Now he's starting a taskforce to end child poverty in the UK for good.
During the summer the 22-year-old successfully convinced Boris Johnson to provide £15 a week to children from struggling households during the summer holidays.
He told Piers and Susanna he was inspired to fight for change after his own mum really struggled when he was young.
"That's the reason why it's so personal to me. Over the last few weeks I've spoken to families we've helped and those who need help and it's taken it one step further," he said.
"I believe if people heard their voices like I heard their voices then they would want to join the task force and make life easier for them."
Among other things, the task force is aiming to expand free schools meals to every child on Universal Credit.
Rashford explained what it can be like for children to go hungry through the school day, adding: "If you're young and you're not eating you just have no energy, you don't feel comfortable going to school.

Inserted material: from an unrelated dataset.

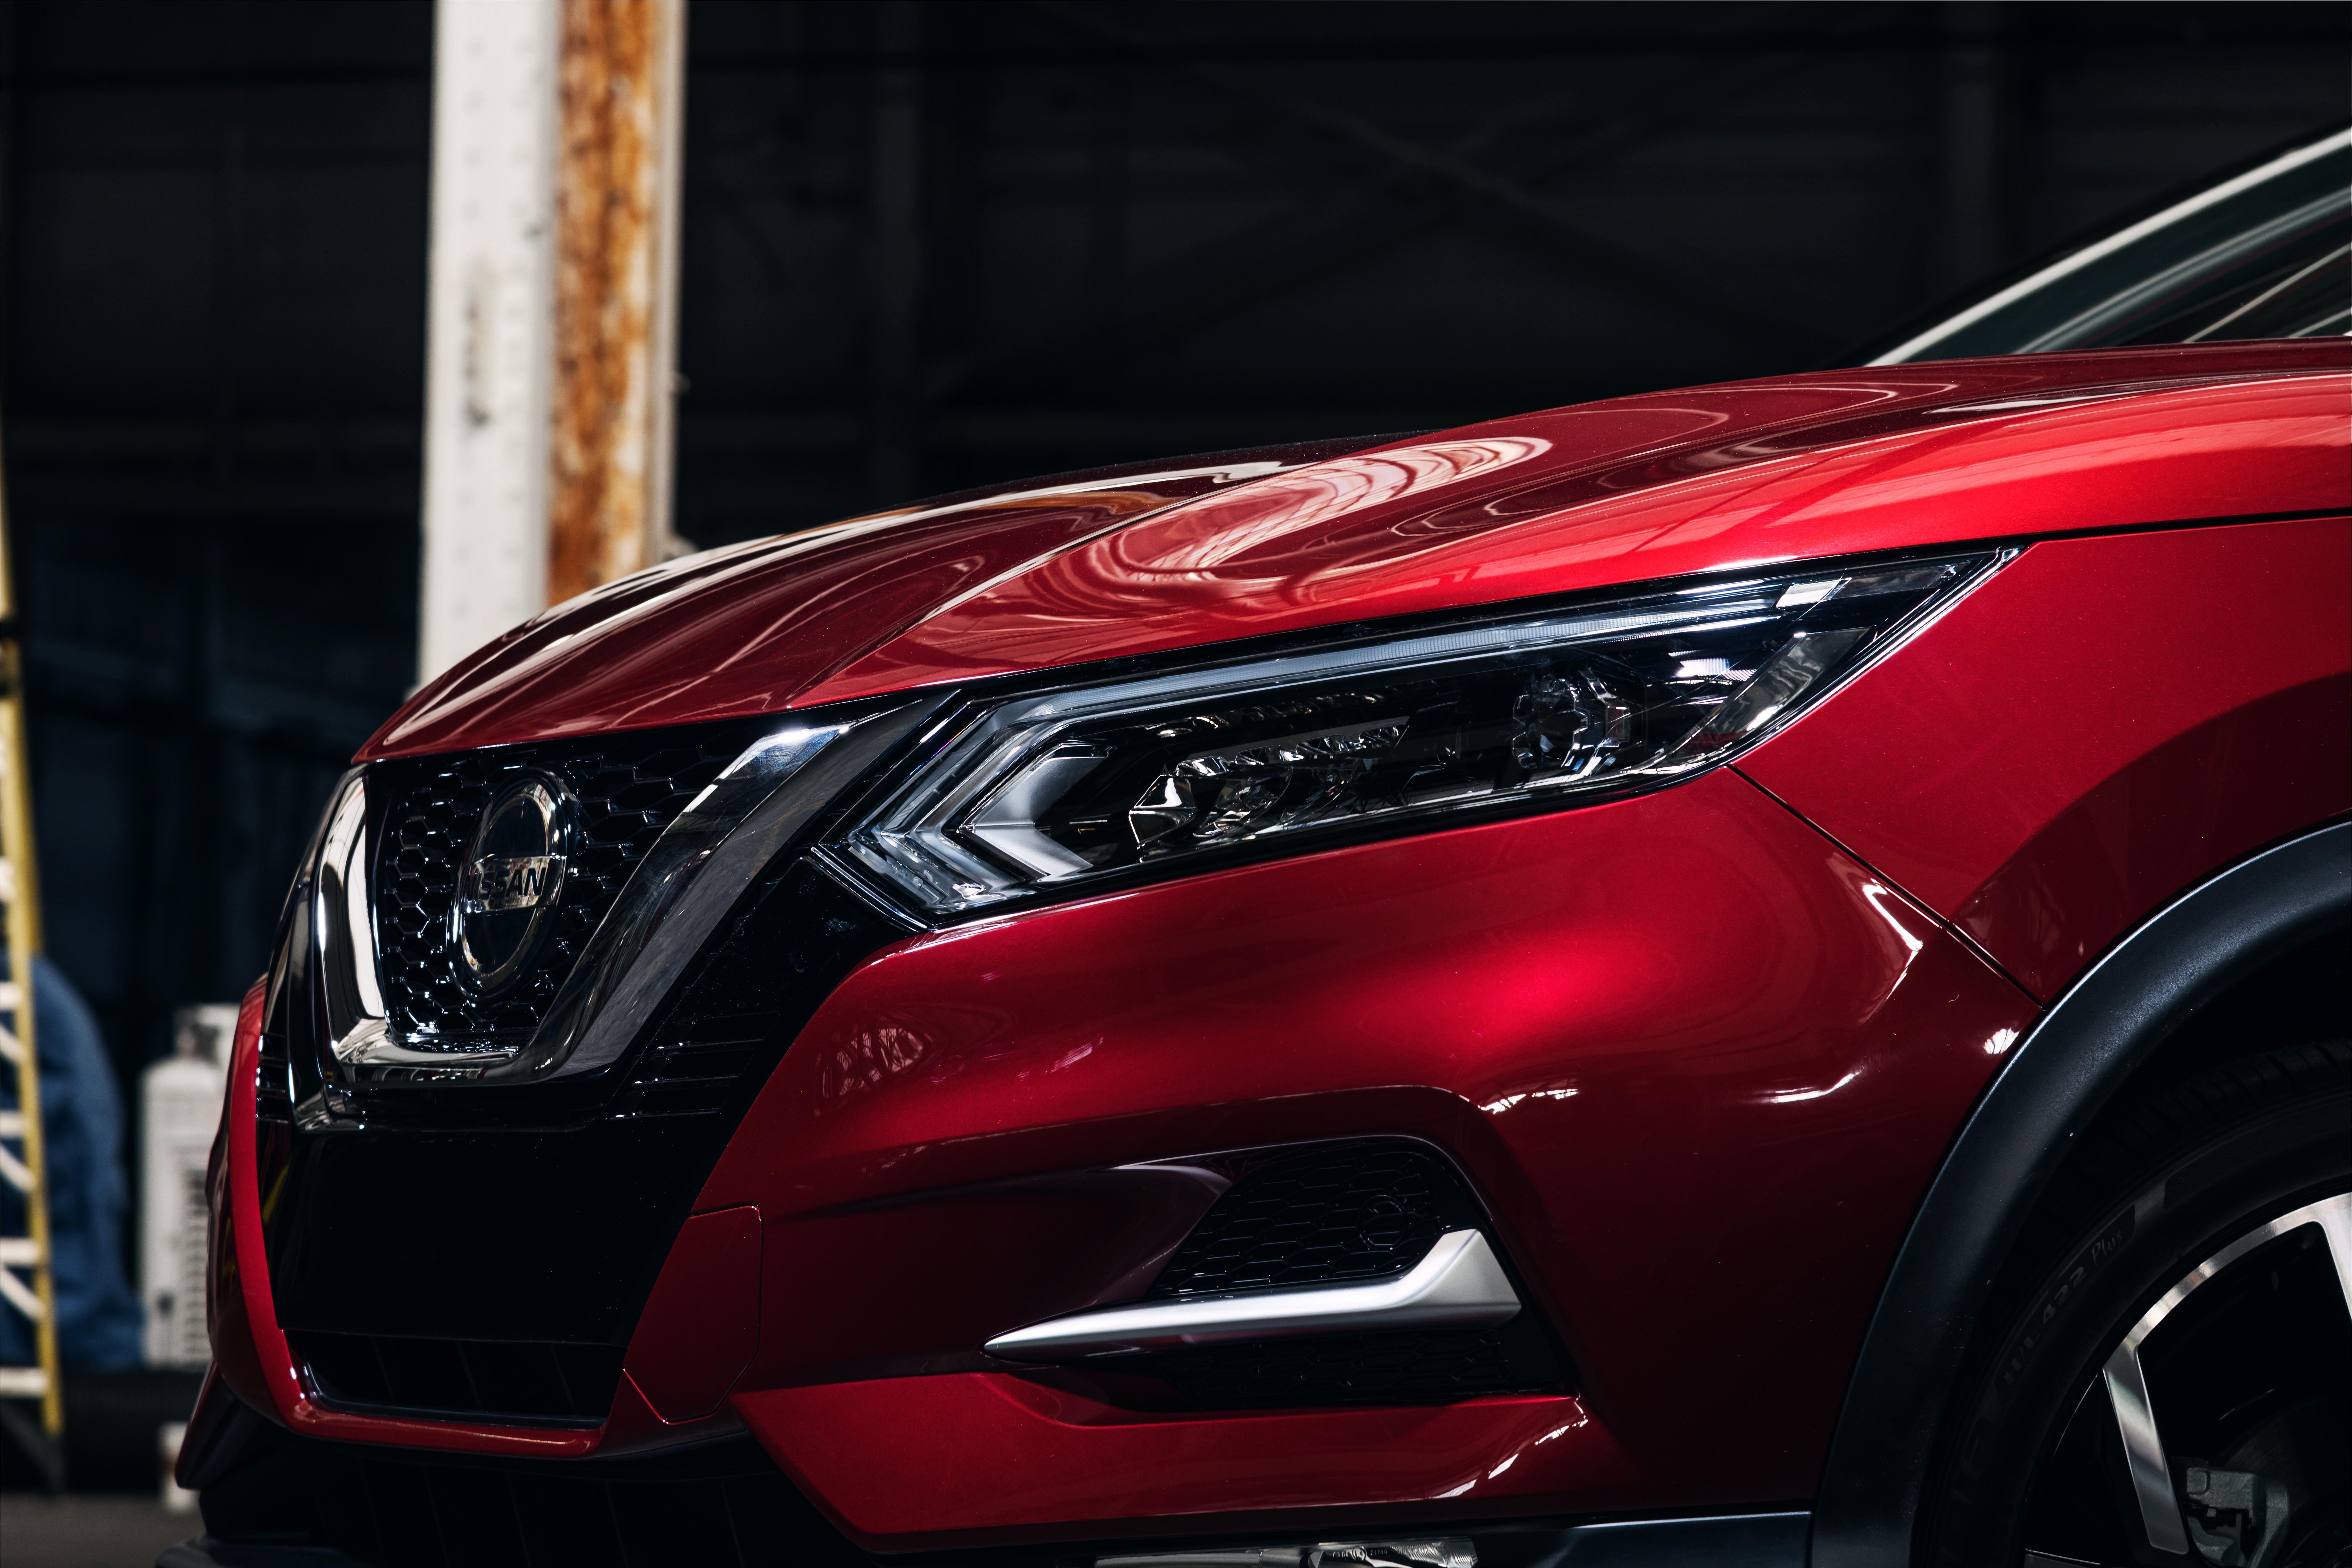 2020 Nissan Rogue Sport 536144 Best Quality Free High

"Most of the times, the ones that aren't eating, they just sleep all day at school because they're physically drained."
"It can be the beginning of homelessness or crime and it starts so many different pathways that you don't want your children to go down," Rashford said.

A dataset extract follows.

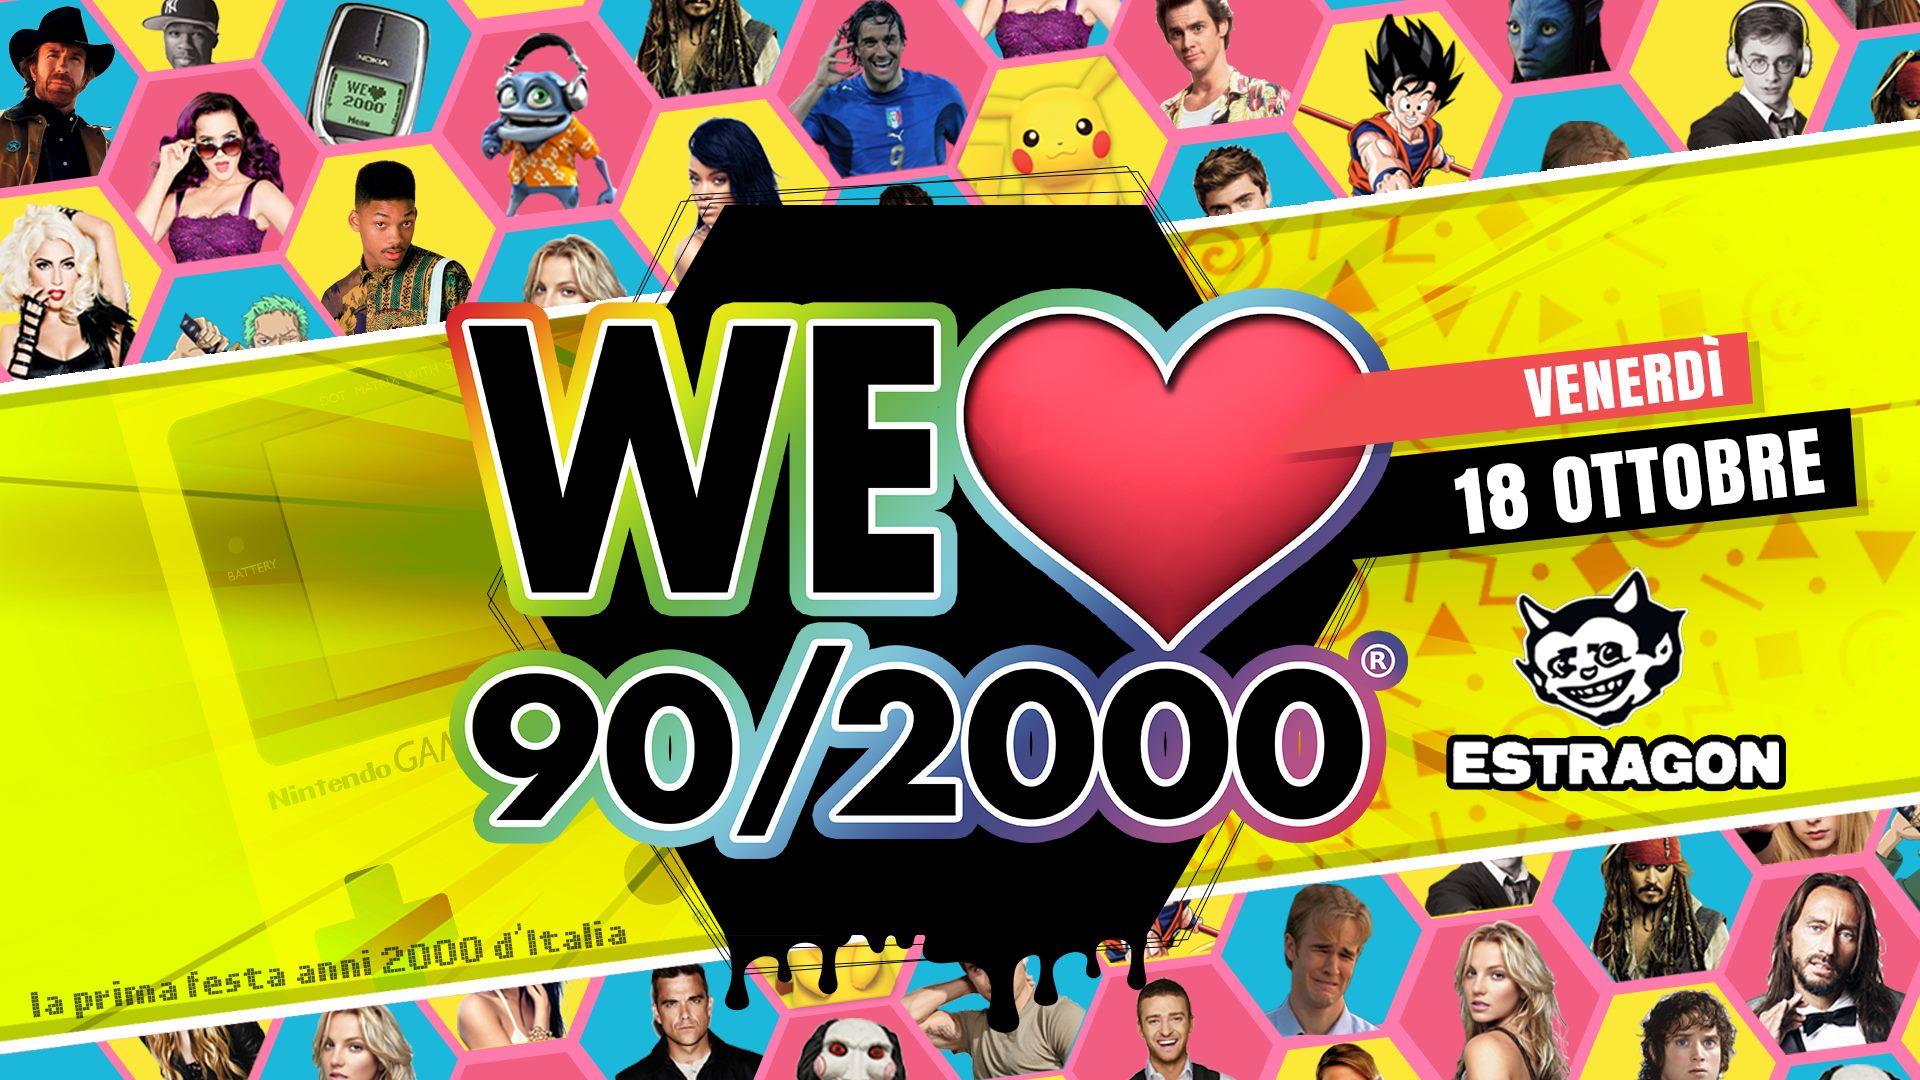 WE Love 90/2000 - Opening!

After Kevin Hollinrake MP tweeted Rashford, as below, saying it was parents' responsibility to feed their children, the footballer said comments like this contributed to the 'stigma' around asking for help.
"I've always been brought up that if you need help and someone is in a position to help then you should feel comfortable to ask them and my response was just trying to reiterate that," Rashford said.
"We actually need people to ask for help in order to get them the help that they need."
A group of supermarkets, businesses and charities - including Aldi, Asda, Co-op, Deliveroo, FareShare, Food Foundation, Iceland, Kellogg's, Lidl, Sainsbury's, Tesco and Waitrose - have formed a task force and backed proposals from the National Food Strategy, an independent review of UK food policy.
The task force is calling for three policy recommendations by the National Food Strategy to be funded by the government as soon as possible:
Expanding free school meals to every child from a household on Universal Credit or equivalent, reaching an additional 1.5m children aged seven to 16.
Expanding an existing school holiday food and activities programme to support all children on free school meals in all areas of England. instead of the current 50,000 children that are helped.
Increasing the value of the Healthy Start vouchers - which help parents with children under the age of four and pregnant women buy some basic foods - from £3.10 to £4.25 per week, and expanding it to all those on Universal Credit or equivalent, reaching an additional 290,000 people.